Засмеялся кто-то совсем рядом, только не в зале, а в башке, коротко и сыто, будто мужик за плечом дождался наконец того, чего ждал давно.
И перед глазами встала таблица.
Не марево, не пятна перед обмороком, а сухая табличка, вроде той, что печатают мелким шрифтом на обороте аптечной коробки, висела поверх ламп и поверх затылков, и смотреть сквозь нее было можно.
Состав в крови: вытяжка волчьего корня на спирту, следовое серебро, связующее неопознано. Действие состава: остановка сердечной мышцы. Носитель эфира: подтвержден, источник спящий. Поглощение состава: доступно.
Ну и что мне с этим делать, а?
— Ярослав Дмитриевич, вы никак заснули стоя?
Телефон щелкнул вспышкой у самого моего локтя, и дама в лиловом заглянула мне в лицо снизу вверх, с той веселой цепкостью, с какой на приемах ищут первую за вечер новость.
— Задумался.
— О чем же можно задуматься под живую музыку?
— О вине, — губы слушались плохо, и говорить пришлось медленнее обычного. — Крепкое нынче у Волковых вино.
— Так пейте, пока наливают, а то ведь недолго и без вина остаться!
Засмеялась она собственной шутке и ушла к окну, к девицам с бокалами и телефонами, а я остался стоять и держать лицо, потому что в глазах уже плыло по краям и лампы вытягивались в желтые полосы. Осесть тут означало кончиться не сегодня, а вообще: у Волковых слабость замечали раньше, чем успевали посочувствовать, и приблудышу с чужой фамилией хватило бы одного падения, чтобы назавтра о нем говорили в прошедшем времени.
И тело сделало то, чему меня никто не учил.

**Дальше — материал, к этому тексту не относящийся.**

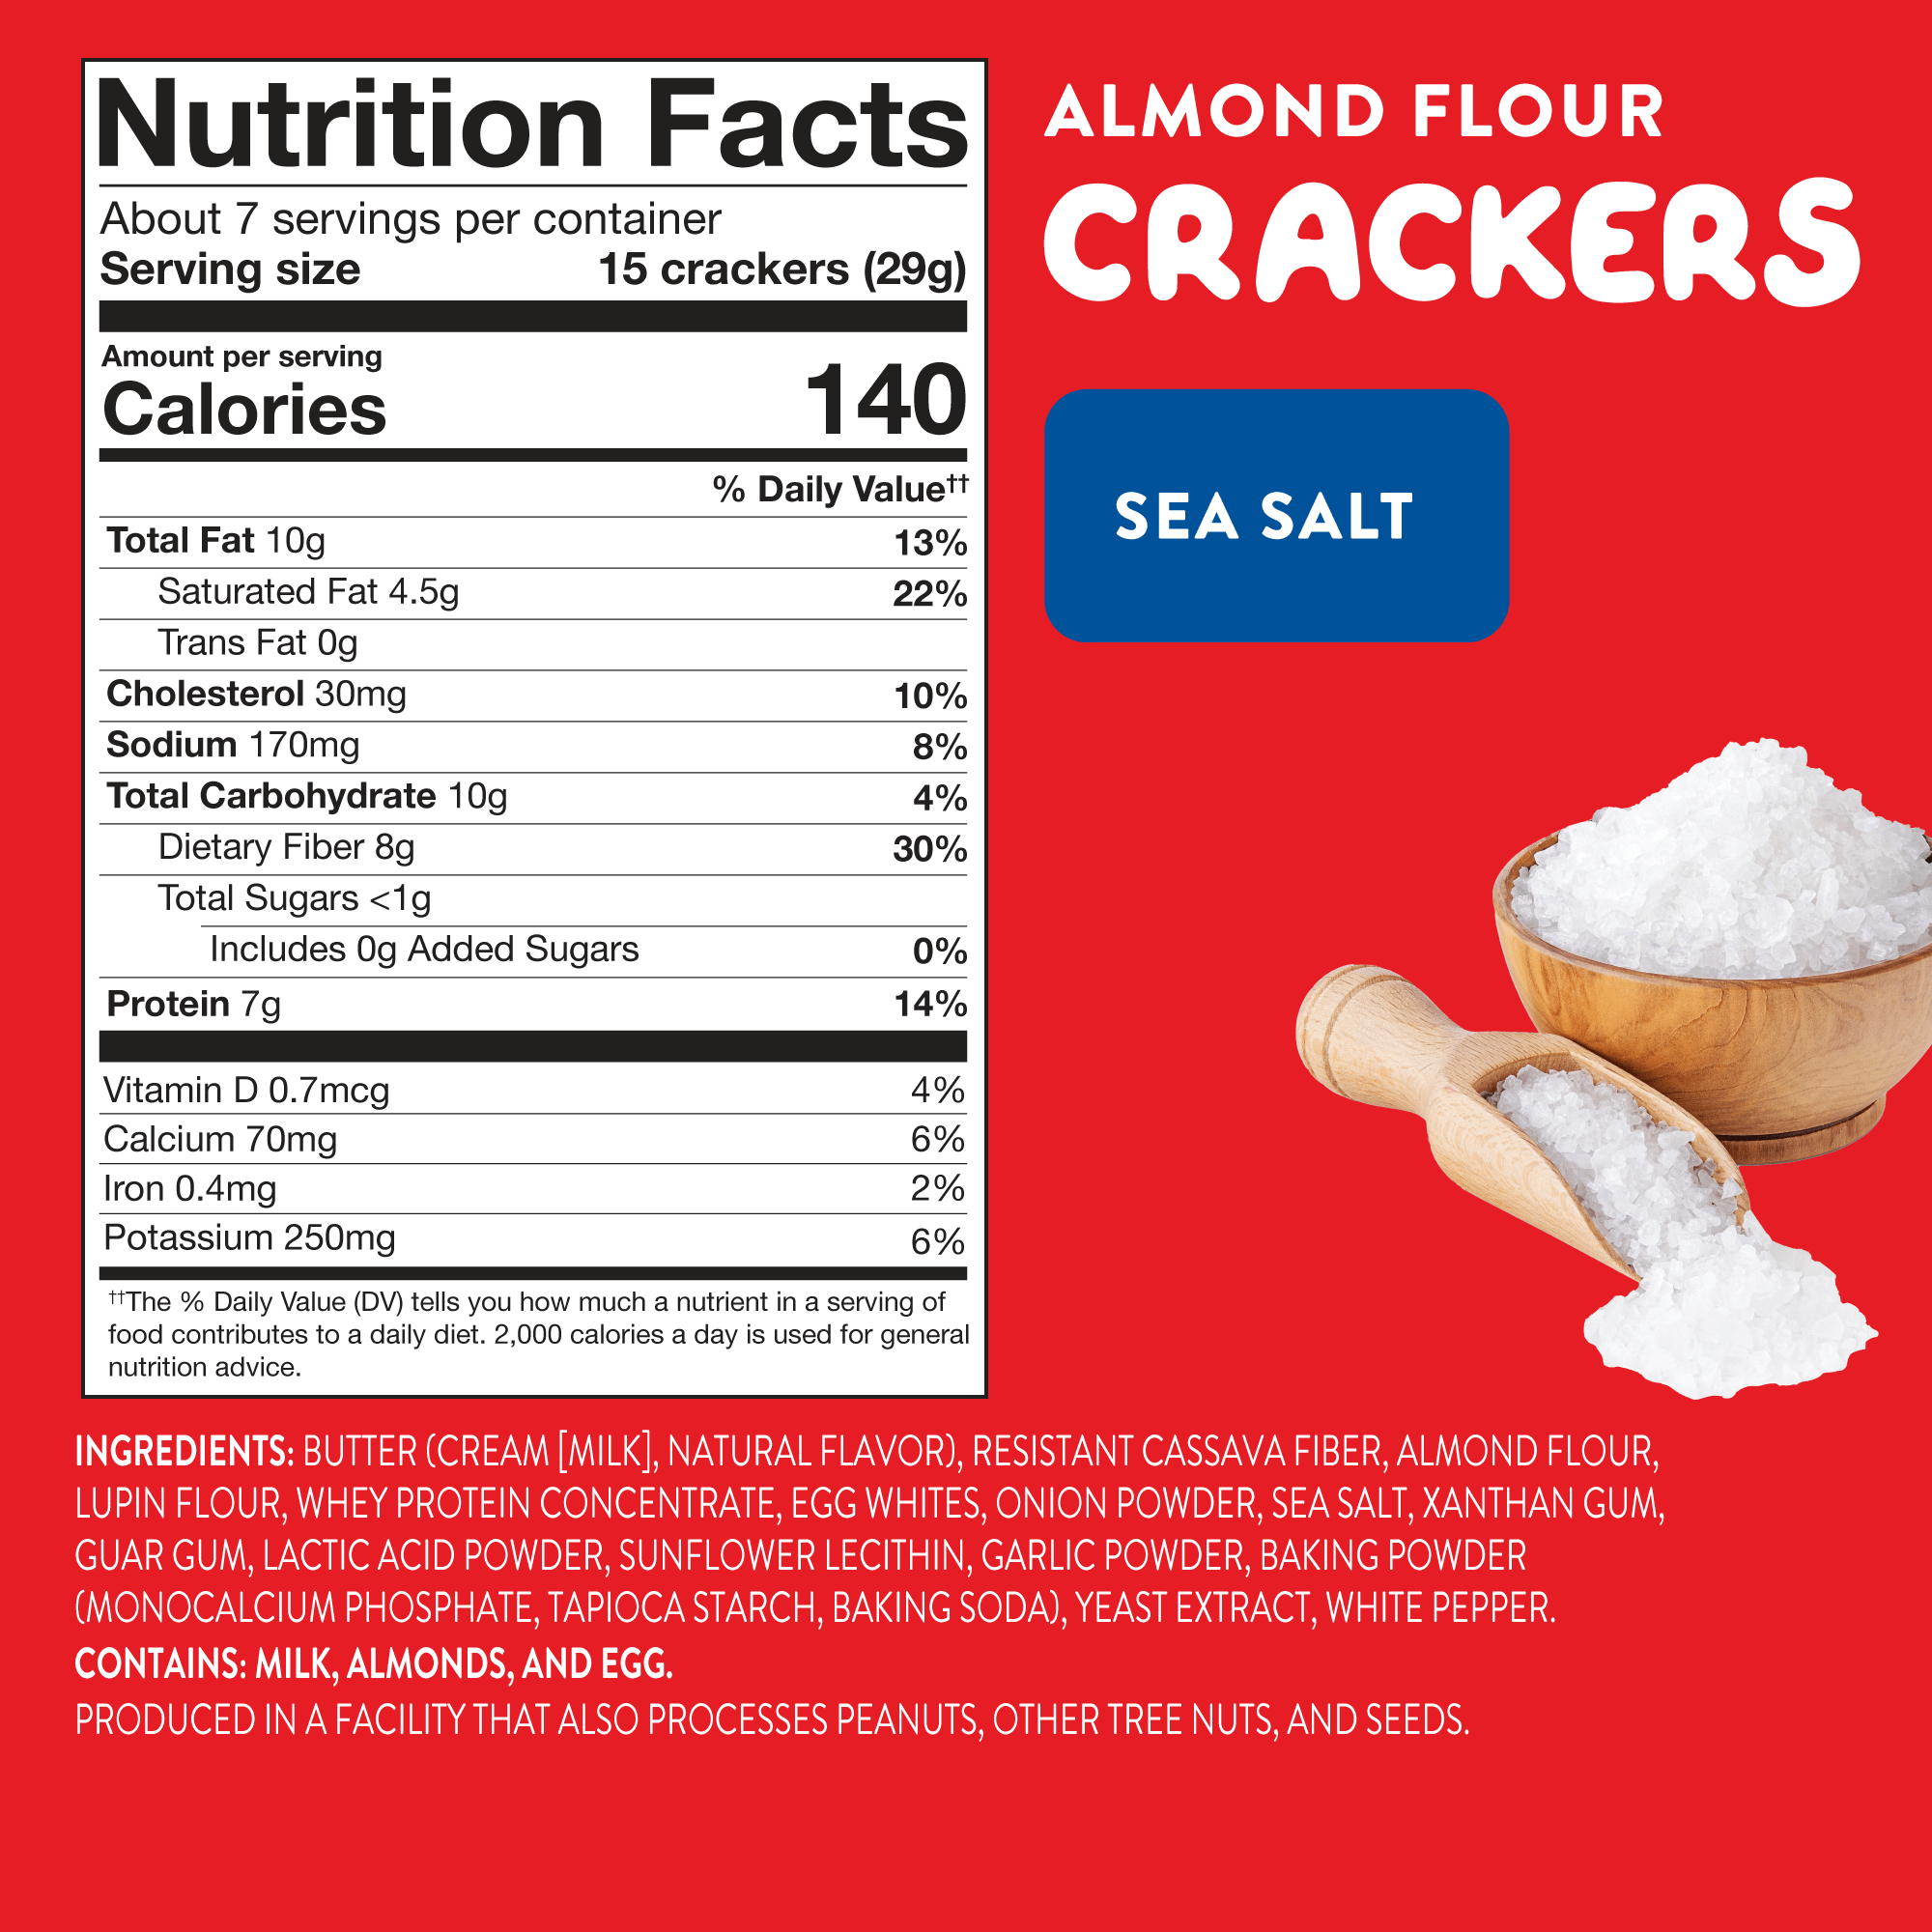 Almond Flour Crackers: Sea Salt

Пальцы на ножке бокала сжались сами, в позвоночник будто вставили раскаленную спицу, а по венам от локтей к сердцу пошло тянущее жадное движение, словно внутри открыли заслонку и в нее потекло. Смотрел я при этом поверх плеча какой-то девицы на большой семейный портрет в подсвеченной раме и чувствовал, как из собственной крови выходит что-то маслянистое, горькое, живое, и уходит не наружу, а внутрь, под грудину, где ему были явно рады.

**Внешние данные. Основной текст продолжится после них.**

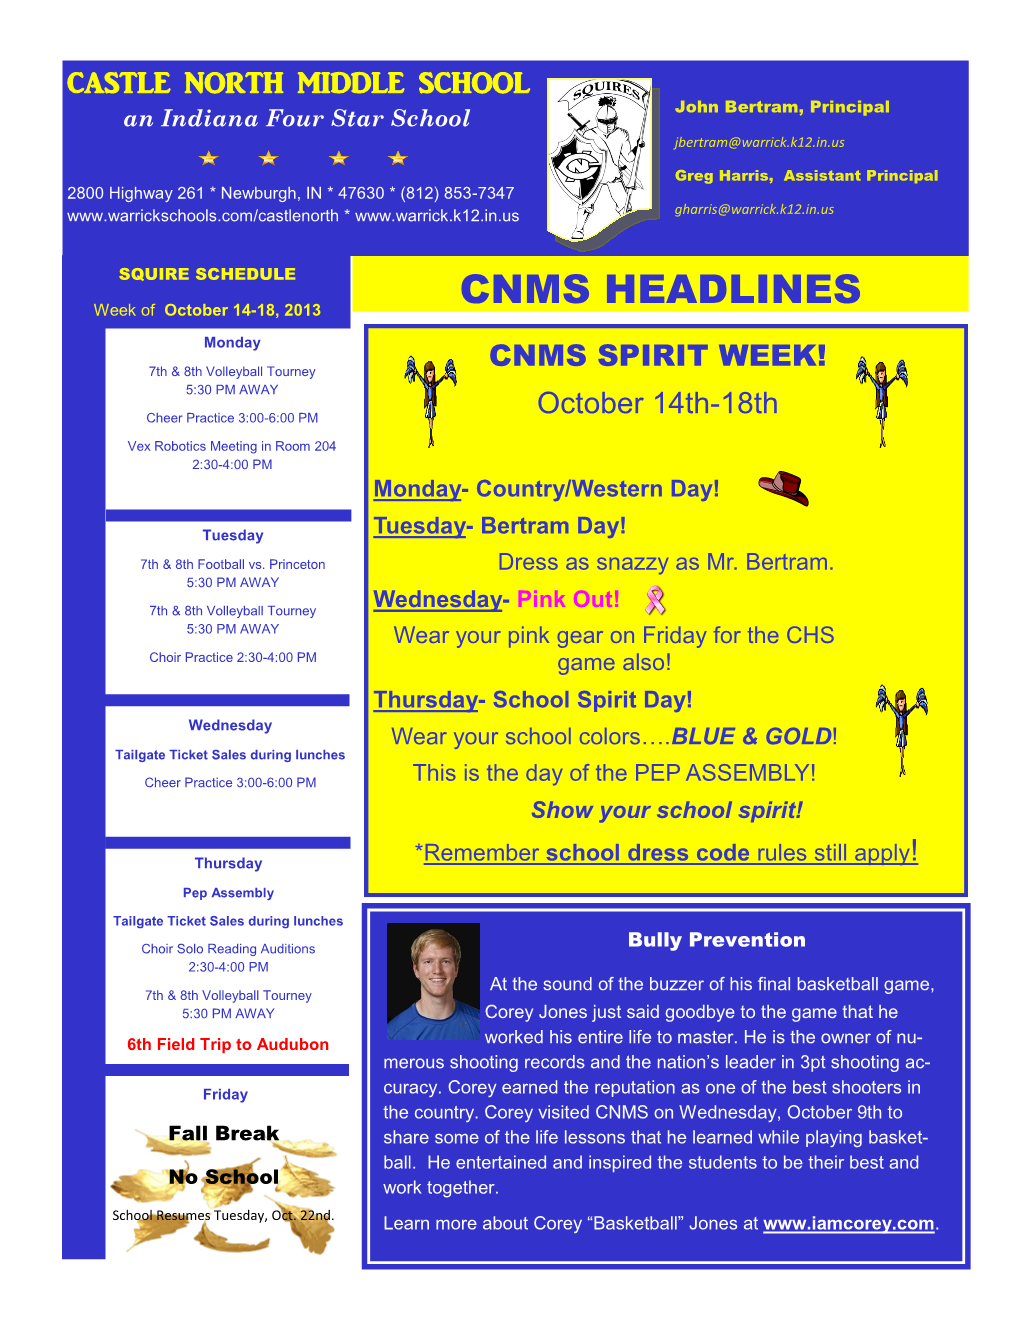 CNMS HEADLINES Week of October 14-18, 2013

Поглощено: около трети. Сердечная мышца — отклик.
Первый удар пришел глухой, будто в подушку, второй вышел злее, а на третьем в зале грохнули аплодисменты, и я чуть не расхохотался вслух, потому что хлопали не мне. В дальние двери вышел князь Игнат Волков с молодой женой под руку, и полсотни человек развернулись к нему разом, поднимая телефоны, как трава разворачивается от ветра.
— Господа, господа, лед сошел, а вы все в шубах душою! — гудел хозяин дома от дверей, разводя руками под десятком объективов.

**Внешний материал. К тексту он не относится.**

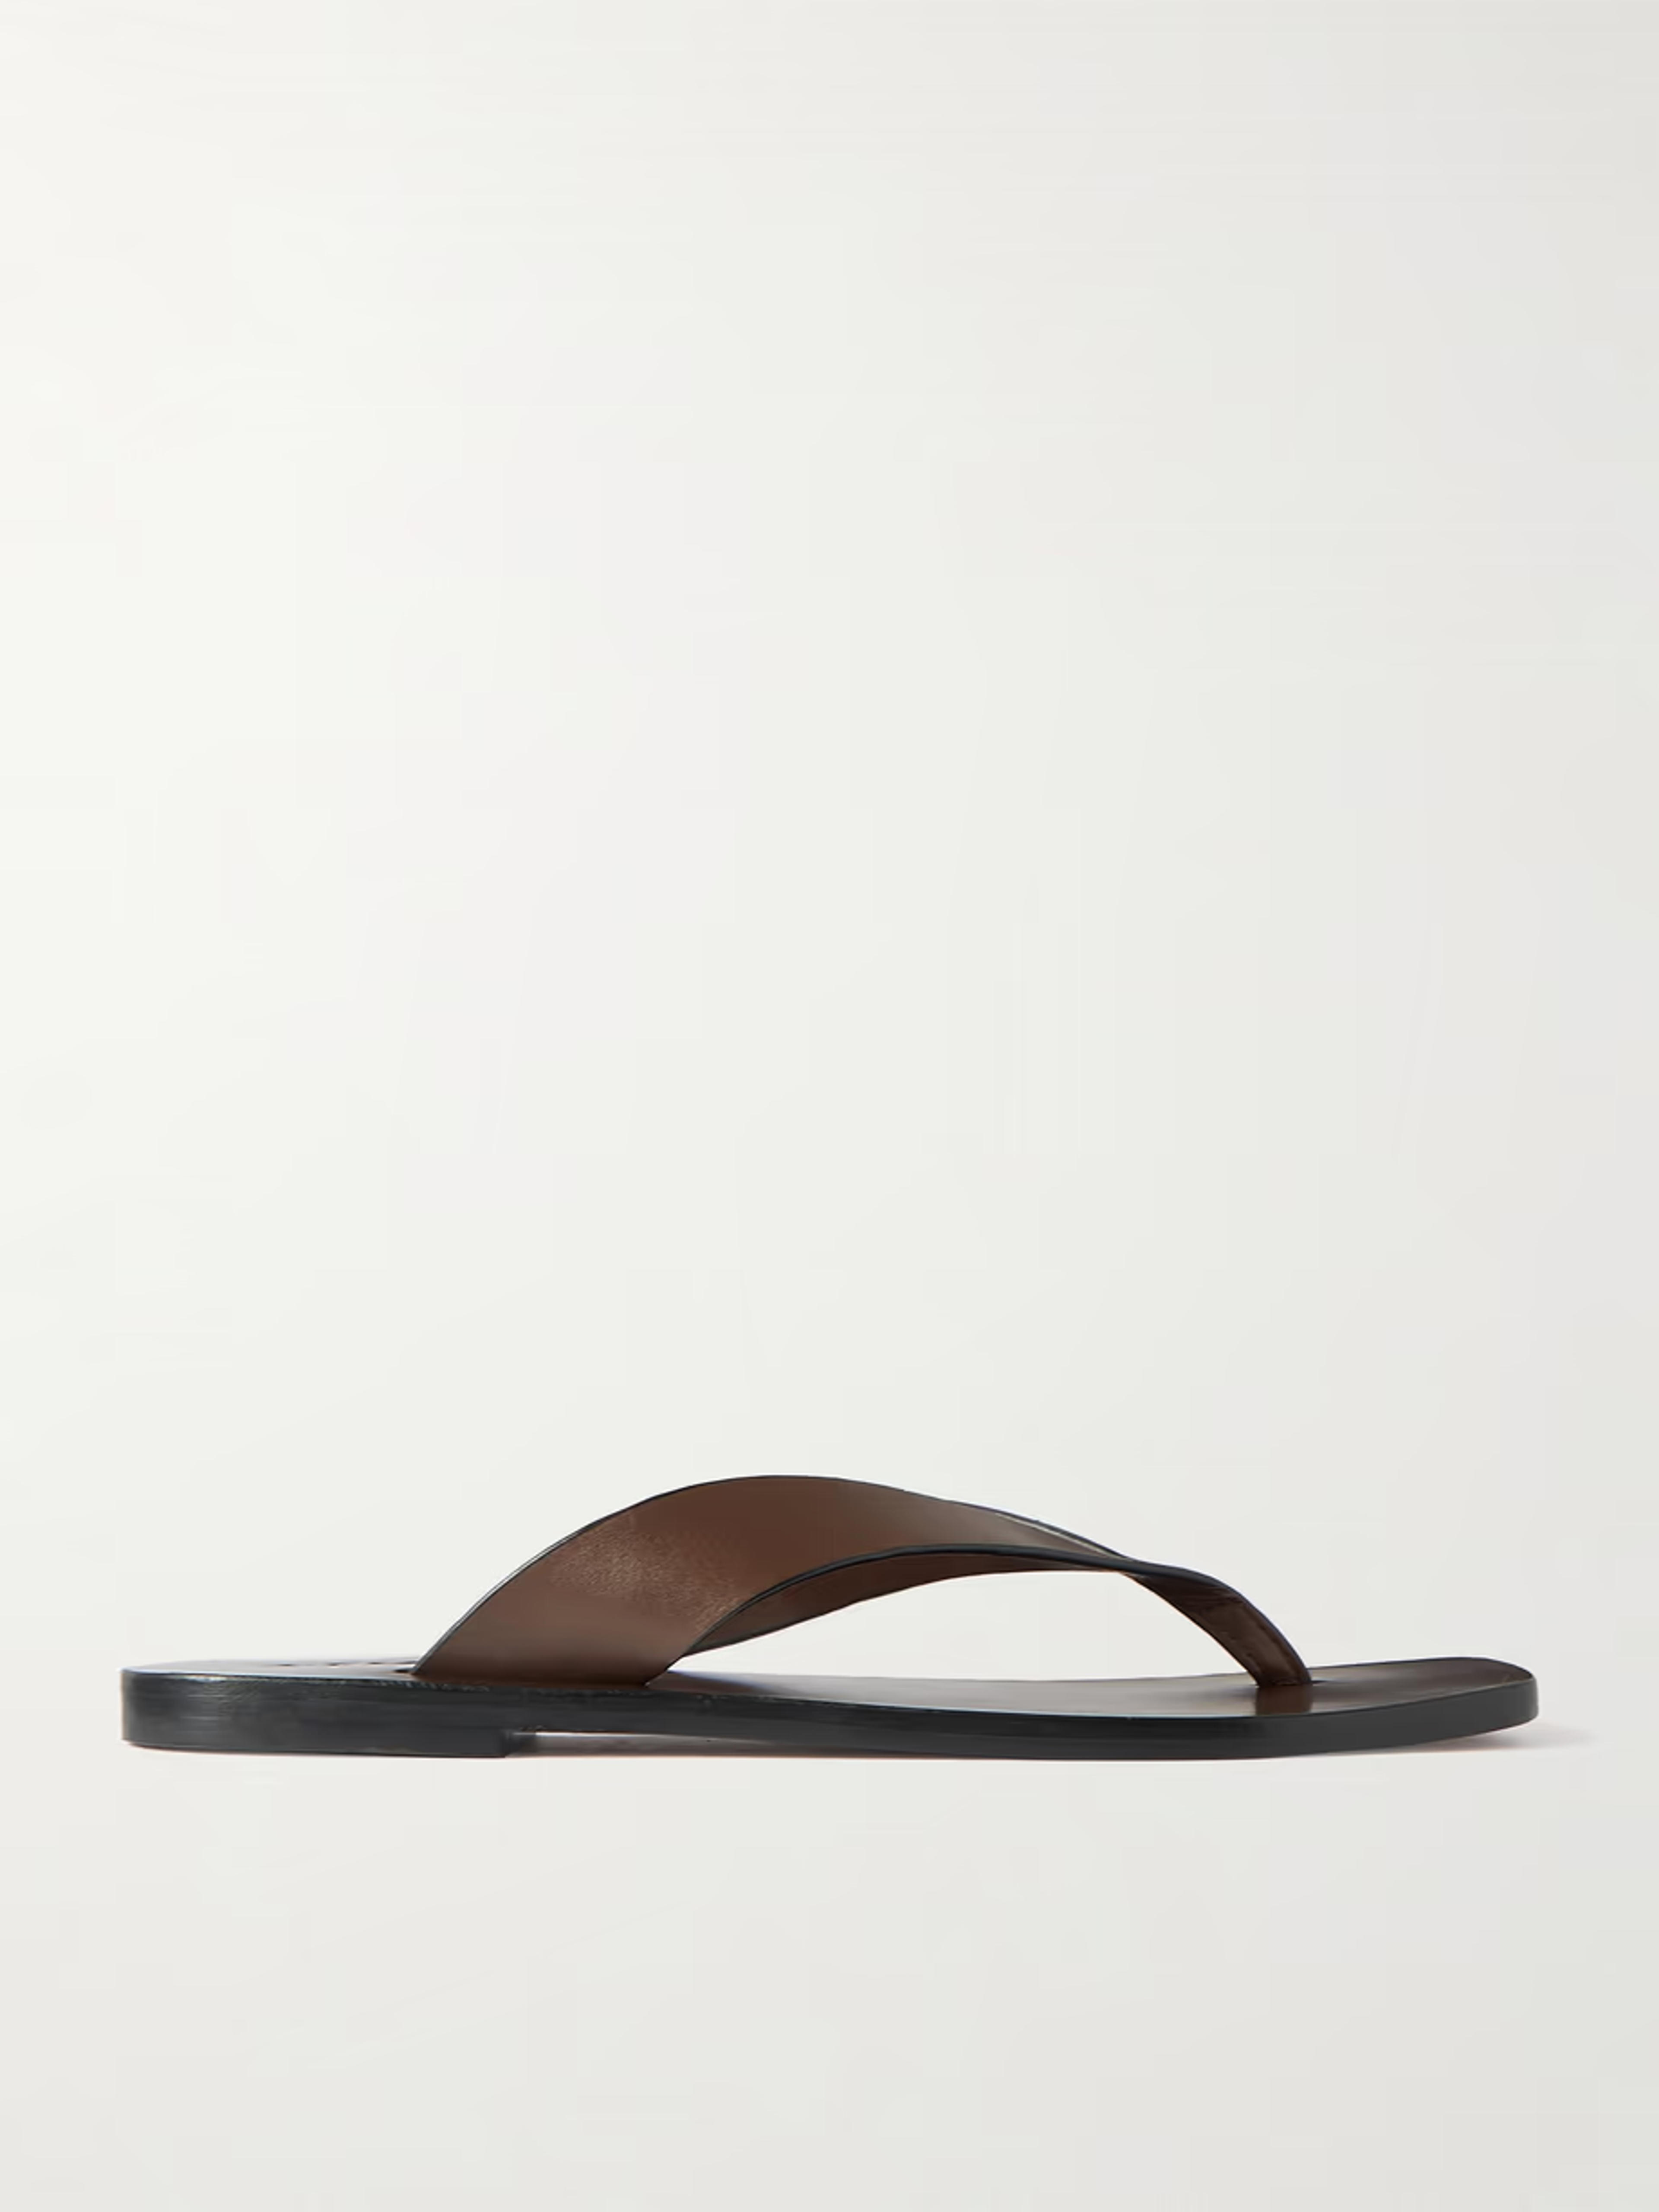 A.EMERY Kinto leather sandals | NET-A-PORTER

Хлопал вместе со всеми и я, переложив бокал в левую, и ни одна живая душа не заметила, что рядом только что чуть не сдох человек.
Отрава между тем никуда не делась, и ореховая пленка держалась в горле, как смола: треть ушла, а остальное шло по капле, будто кисель через соломину. Кто? Вот о чем следовало спрашивать первым делом, а не о том, за что, потому что на «за что» ответил бы всякий, кто слышал фамилию Чернышевых.
Оглядываться в открытую я, понятно, не стал, а двинулся вдоль стены неспешным шагом человека, которому надо обойти толпу и добраться до фуршетных столов.
У стойки бара доигрывали партию на планшете и, по московскому обычаю, доигрывали под разговор о чужой смерти.
— Да не берет одаренного яд, господа, вот и вся недолга! — промышленник Кулебякин катал в жирных пальцах стакан и гудел на весь угол.
— Как это не берет, Прохор Саввич? Скуратова, говорят, зимой трижды травили.
— А так и не берет! У одаренного внутри жернов, и жернов тот всякую дрянь смелет да еще спасибо скажет, — он захохотал и хлопнул ладонью по стойке. — Оттого одаренному льют не щепоть, а канистру, да и то больше со зла, чем с расчетом…
Заметив меня, Кулебякин кивнул — так кивают чужой собаке во дворе, без всякого продолжения, — и снова развернулся к стойке. Офицеры волковской дружины у колонны попросту разговаривали через меня, глядя друг другу в переносицу, и это было самое честное, что мне показали за вечер.
У самого стола с закусками пальцы вдруг онемели, стекло поехало, и бокал я едва не выронил, а поставил его на скатерть с таким видом, будто держать надоело. Потом повело в сторону, и спасла колонна: оперся на нее плечом, постоял, разглядывая подсветку карниза, переждал.
— Ярослав Дмитриевич, а вы, я гляжу, не в духе?
Голос догнал меня у самой колонны, и разворачиваться пришлось с улыбкой, потому что Аркадий Пестов, мой опекун, никогда не подходил к воспитаннику просто так. Стоял он в костюме табачного цвета, при часах размером с гайку, и держал стакан, к которому за вечер не притронулся.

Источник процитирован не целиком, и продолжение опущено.